Online Decision-making with High Dimensional Covariates

Growing availability of data has enabled decision-makers to tailor choices at the individual-level. This involves learning a model of decision rewards conditional on individual-specific covariates or features. Recently, "contextual bandits" have been introduced as a framework to study these online decision making problems. However, when the space of features is high-dimensional, existing literature only considers situations where features are generated in an adversarial fashion that leads to highly conservative performance guarantees -- regret bounds that scale by square-root of number of samples.
Motivated by medical decision making problems where stochastic features are more realistic, we introduce a new algorithm that relies on two sequentially updated LASSO estimators. One estimator (with a low-bias) is used to select a candidate subset of the decisions, next a more biased (but potentially more accurate) estimator is used to select the optimal decision. We prove that our algorithm achieves a regret that scales poly-logarithmically in the number of samples and features. The key step in our analysis is proving a new oracle inequality that guarantees the convergence of the LASSO estimator despite the non-i.i.d. data induced by the bandit policy.
We illustrate the practical relevance of the proposed algorithm by evaluating it on a warfarin dosing problem. A patient's optimal warfarin dosage depends on the patient's genetic profile and medical records; incorrect initial dosage may result in adverse consequences such as stroke or bleeding. We show that our algorithm outperforms existing bandit methods as well as physicians to correctly dose a majority of patients.
(joint work with Hamsa Bastani)

Arnoud den Boer

Decision-based model selection

In optimization problems, simple mathematical models that discard important factors may sometimes be preferred to more realistic models.
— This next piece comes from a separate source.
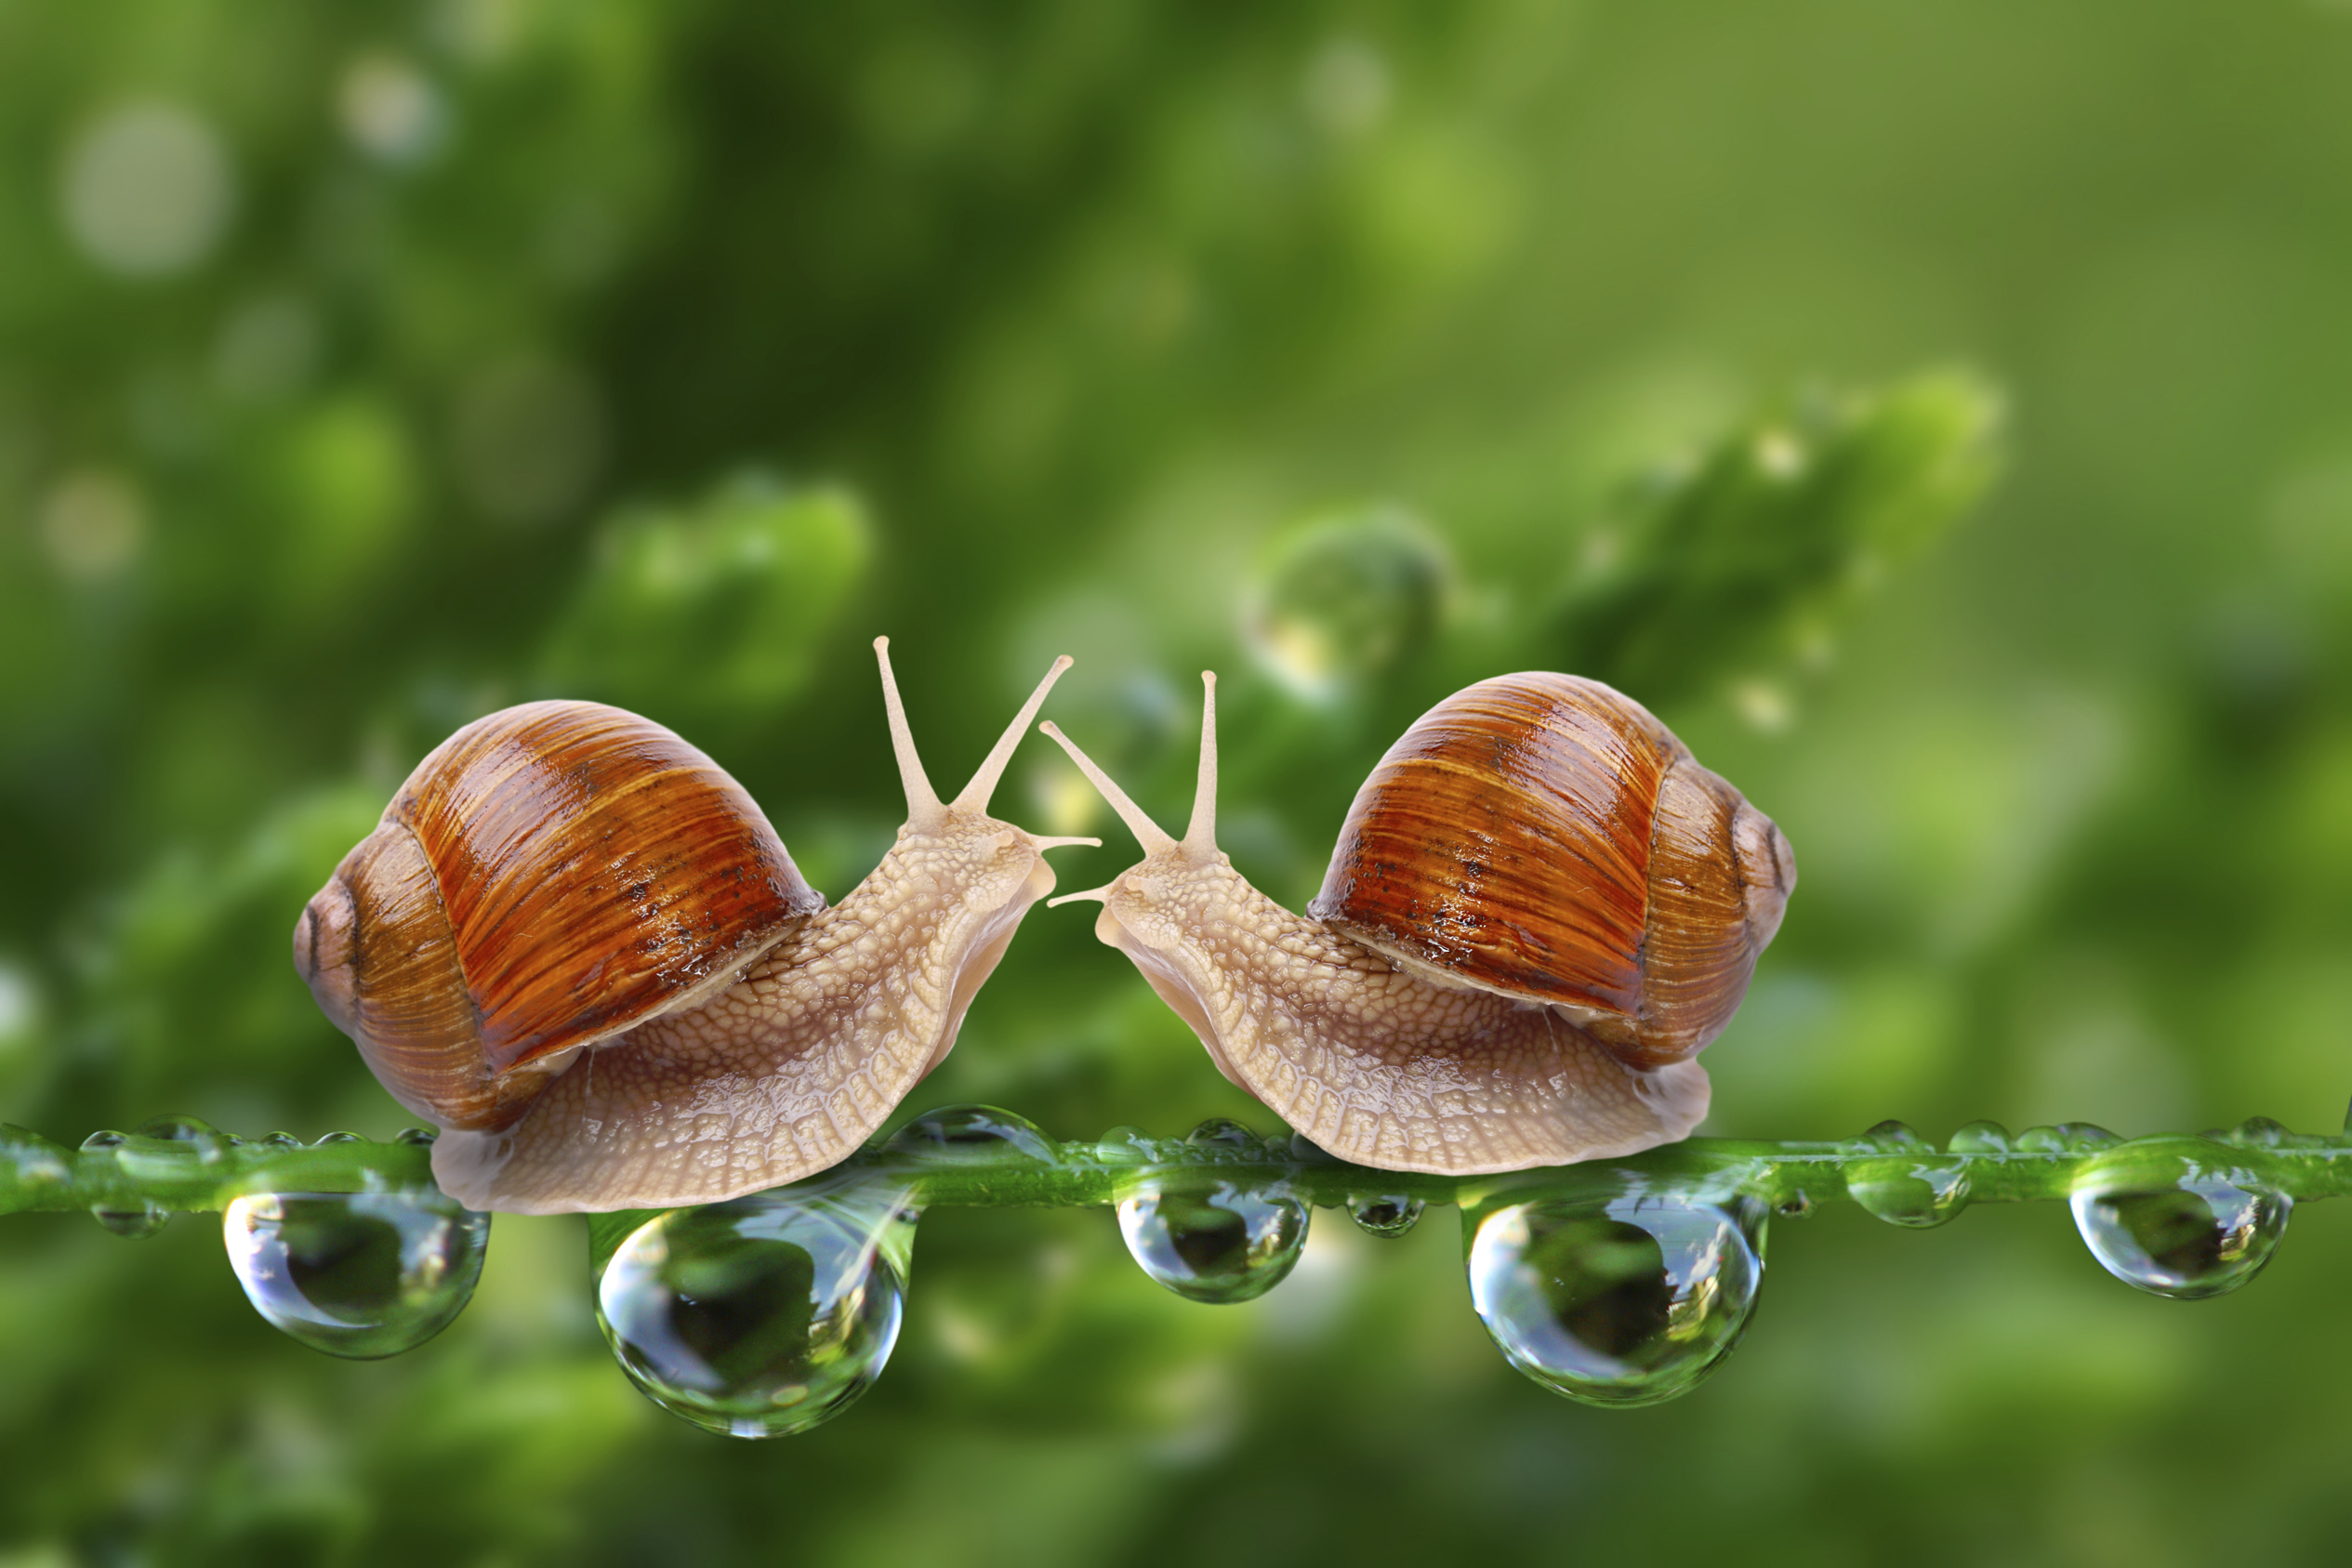 Two snails photo

This may occur if the parameters of the simple model are easier to estimate than the parameters of the complex model, or if the optimization problem corresponding to the simple model can be solved exactly whereas the optimization problem corresponding to the `realistic model' is intractable. This trade-off between three sources of errors (modeling, estimation, and optimization errors) is encountered in many stochastic optimization problems.
The question we address is: how can one determine if it is better to use a simplified model, rather than a more realistic model? In other words: given a data set and a particular optimization problem, how do we know whether the model-misspecification error induced by a simple model is dominated by estimation and optimization errors corresponding to more realistic models? In this research we propose a generic decision-based model selection method that determines when simplicity is preferred to realism. We explain the theoretical framework of our method, and illustrate the potential performance improvement in assortment optimization and newsvendor problems.

PRESENTATION

Richard Boucherie

Operations research solutions to improve the quality of healthcare

CHOIR: Center for Healthcare Operations Improvement & Research

Healthcare expenditures are increasing in many countries. Delivering adequate quality of healthcare requires efficient utilization of resources. Operations Research allows us to maintain or increase the current quality of healthcare for a growing number of patients without increasing the required work force. In this talk, I will describe a series of mathematical results obtained in the Center for Healthcare Operations Improvement and Research of the University of Twente, and I will indicate how these results were implemented in Dutch hospitals.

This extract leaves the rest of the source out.